> **WHAT YOU HAVE TO DO**: Restate the full listing word for word; images stay out of it.

> **SOURCE DATA**:
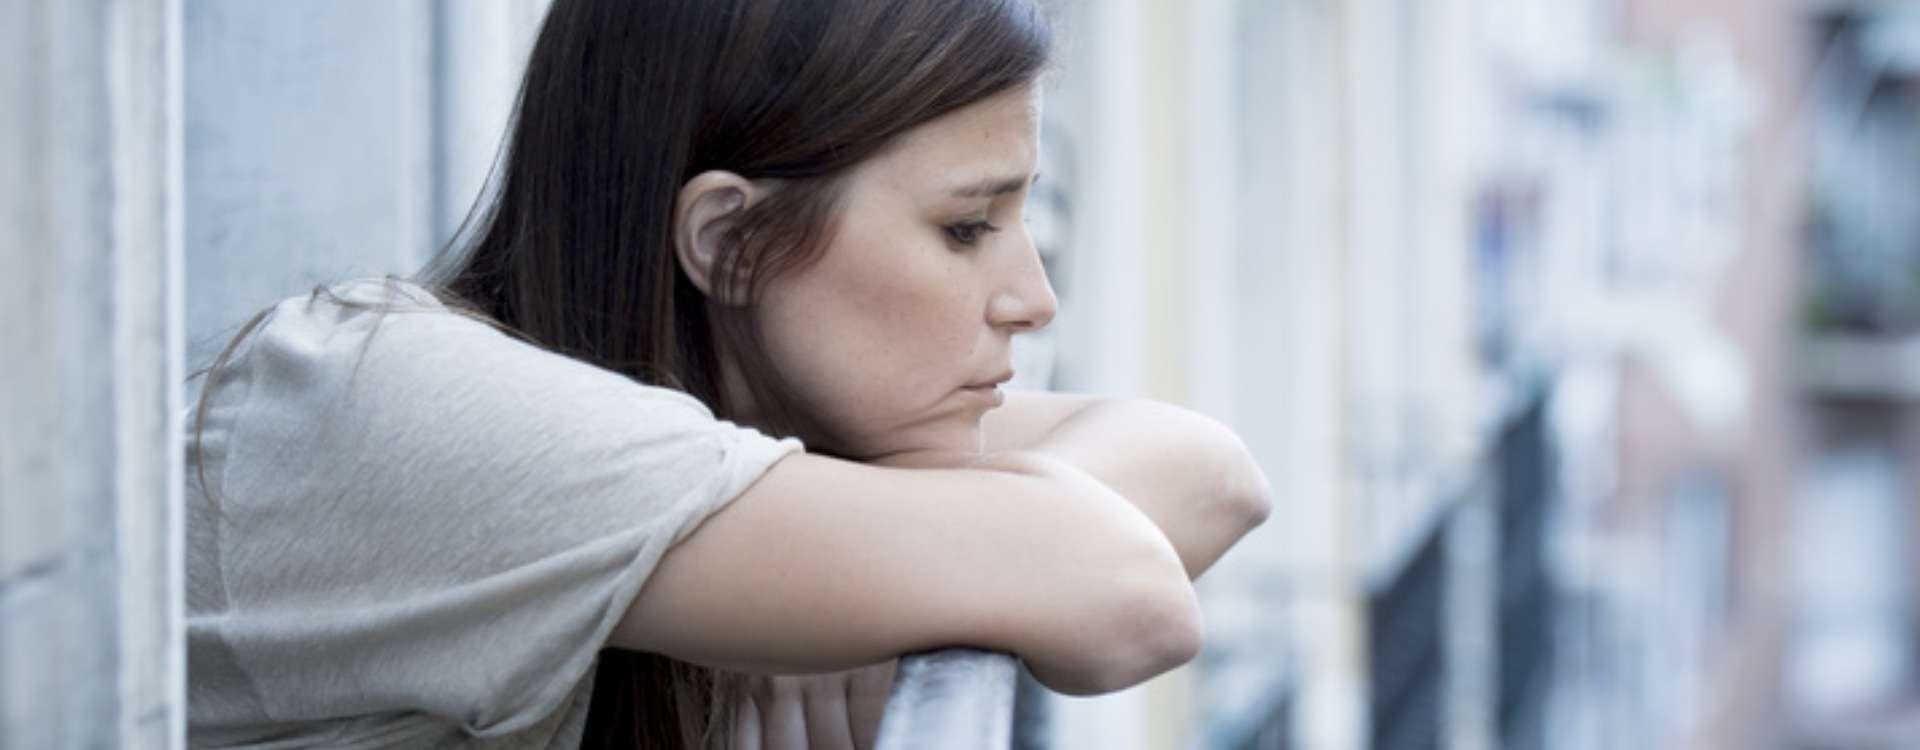 Comment oublier son ex et se reconstruire
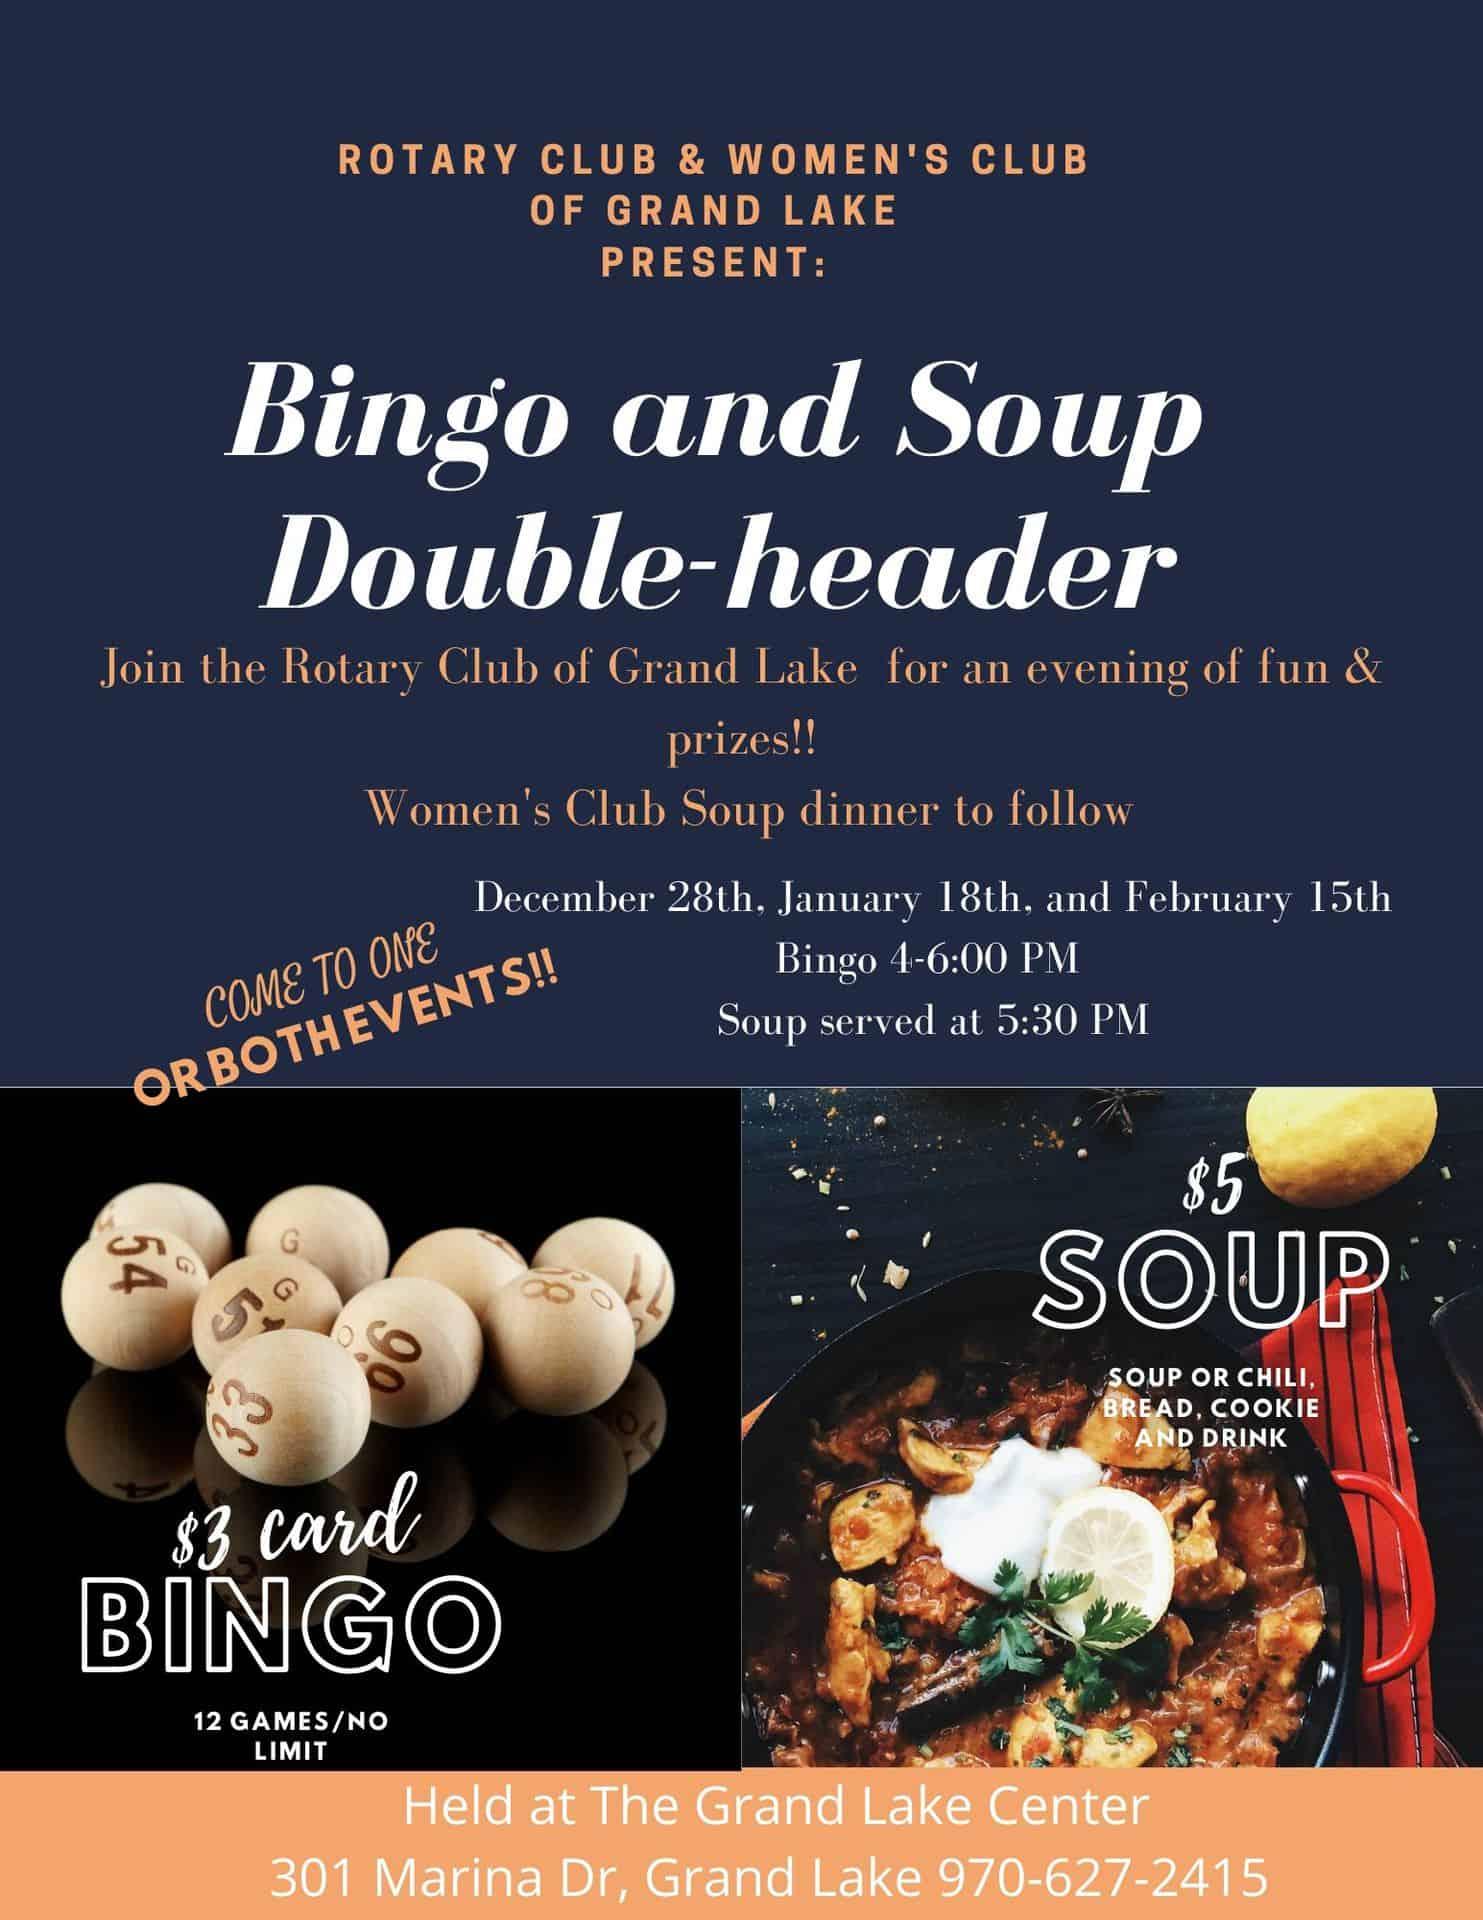 Bingo and Soup Extravaganza
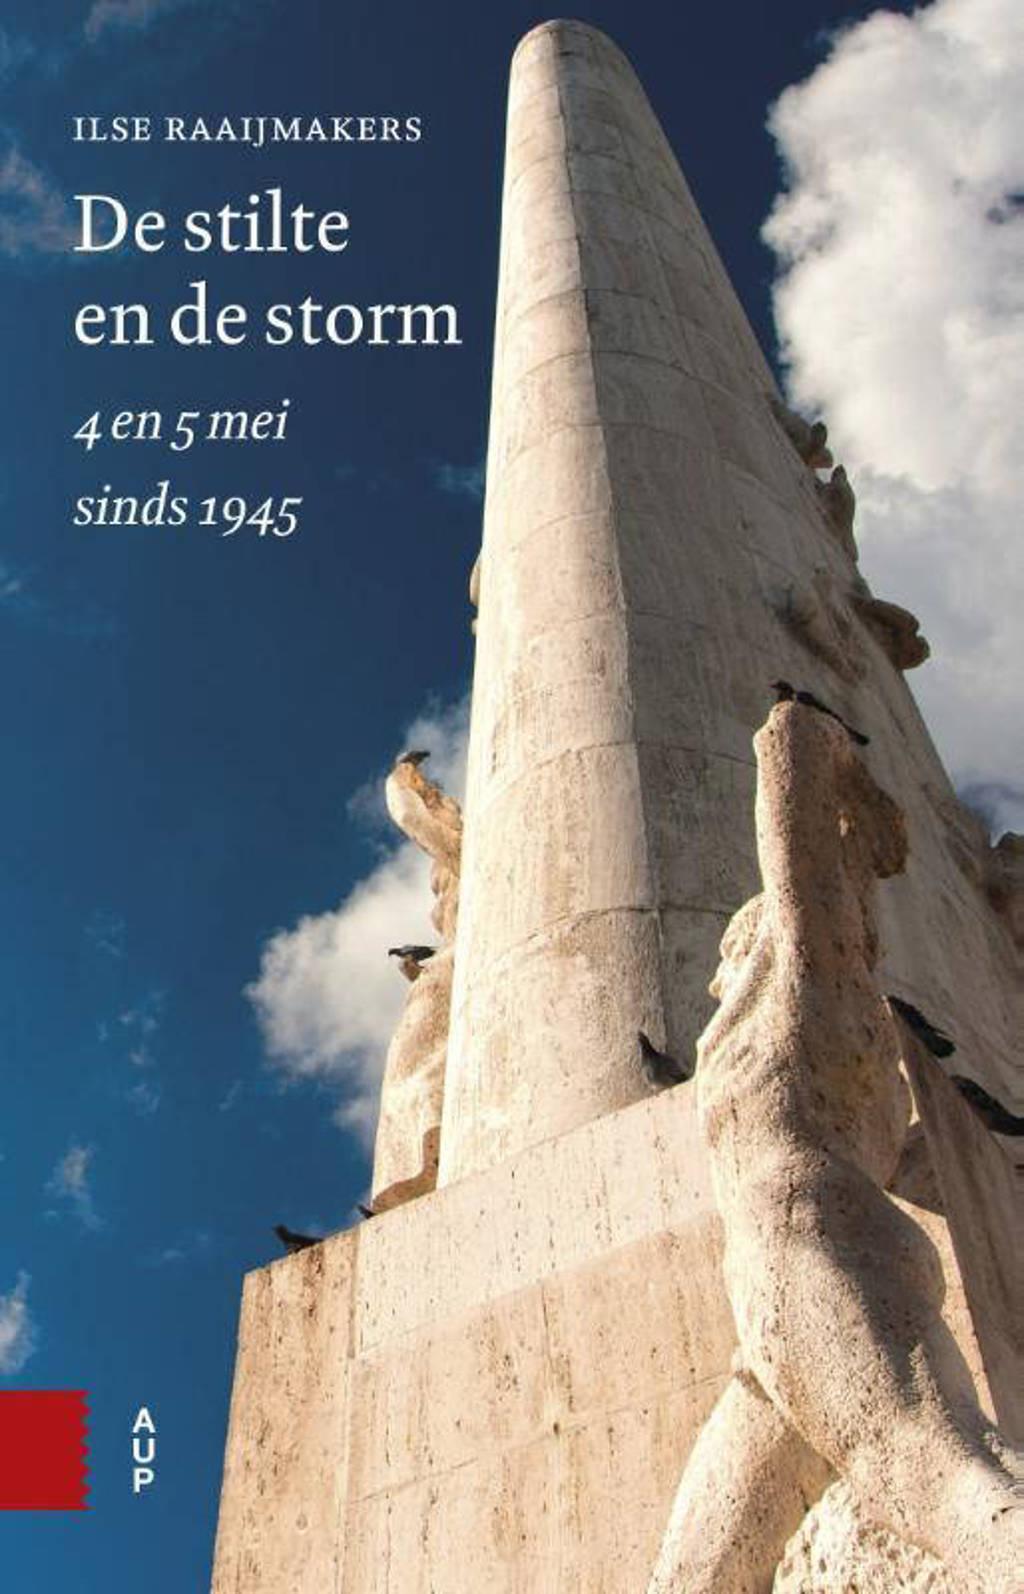 De stilte en de storm - Ilse Raaijmakers

> **TASK OUTPUT**:
 Comment oublier son ex et se reconstruire
 Bingo and Soup Extravaganza
 De stilte en de storm - Ilse Raaijmakers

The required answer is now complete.